Benedetto XVI, ai fedeli in San Pietro, ricorda che l’incontro dei Grandi ha «ribadito la necessità di giungere ad accordi comuni al fine di assicurare all’umanità un futuro migliore».
Come nella Caritas in veritate, il pontefice spiega che «la Chiesa non possiede soluzioni tecniche da presentare ma, esperta in umanità, offre a tutti l’insegnamento della Sacra Scrittura sulla verità dell’uomo e annuncia il Vangelo dell’amore e della giustizia».
In questi mesi, dal viaggio in Africa agli incontri dei giorni scorsi con Obama e altri leader presenti al vertice, Benedetto XVI ha insistito su un punto centrale nella stessa enciclica: l’economia dev’essere per l’uomo, fondarsi su un’etica della persona, altrimenti finisce per distruggerlo: si tratta di «investire sull’uomo».
Così ora ripete le parole dette mercoledì, mentre si apriva il G8: «Occorre una nuova progettualità economica che ridisegni lo sviluppo in maniera globale, basandosi sul fondamento etico della responsabilità davanti Dio e all’essere umano come creatura di Dio».
La crisi impone nuove regole e, nel mondo che è casa di tutti, nessuno va tagliato fuori: «In una società in via di globalizzazione, il bene comune e l’impegno per esso non possono non assumere le dimensioni dell’intera famiglia umana».
Così, non è un caso che le parole più severe dell’Angelus siano state riservate ai temi bioetici: Benedetto XVI denuncia l’«assolutismo della tecnica» che «trova la sua massima espressione in talune pratiche contrarie alla vita» (nell’enciclica paventava il rischio di «una sistematica pianificazione eugenetica delle nascite») e «potrebbe disegnare foschi scenari per il futuro dell’umanità».

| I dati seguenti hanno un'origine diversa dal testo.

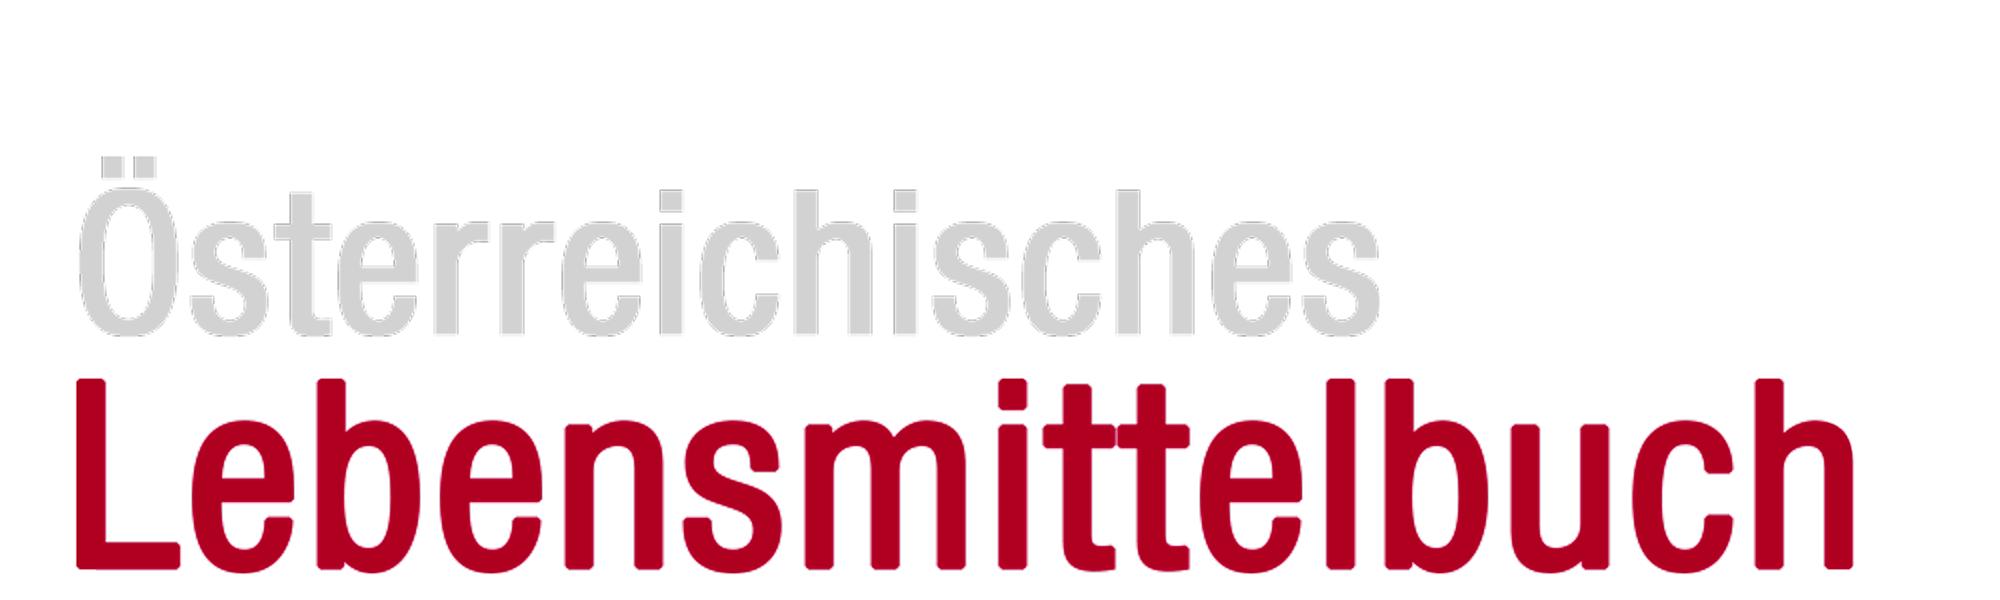 Österreichisches Lebensmittelbuch

Il tema della vita è essenziale nell’enciclica sociale; la crescita demografica non impedisce lo sviluppo e anzi «l’apertura alla vita è al centro del vero sviluppo». Nel nostro tempo, dice il Papa ai fedeli, la questione sociale globale evocata quarant’anni fa da Paolo VI «è diventata radicalmente questione antropologica, nel senso cioè che essa implica il modo stesso di concepire l’essere umano, sempre più posto nelle mani dell’uomo stesso dalle moderne biotecnologie ».
Dopo l’Angelus, Benedetto XVI ha espresso la sua «viva preoccupazione» per il colpo di Stato in Honduras: «I responsabili della nazione e tutti i suoi abitanti percorrano pazientemente la via del dialogo, della comprensione reciproca e della riconciliazione».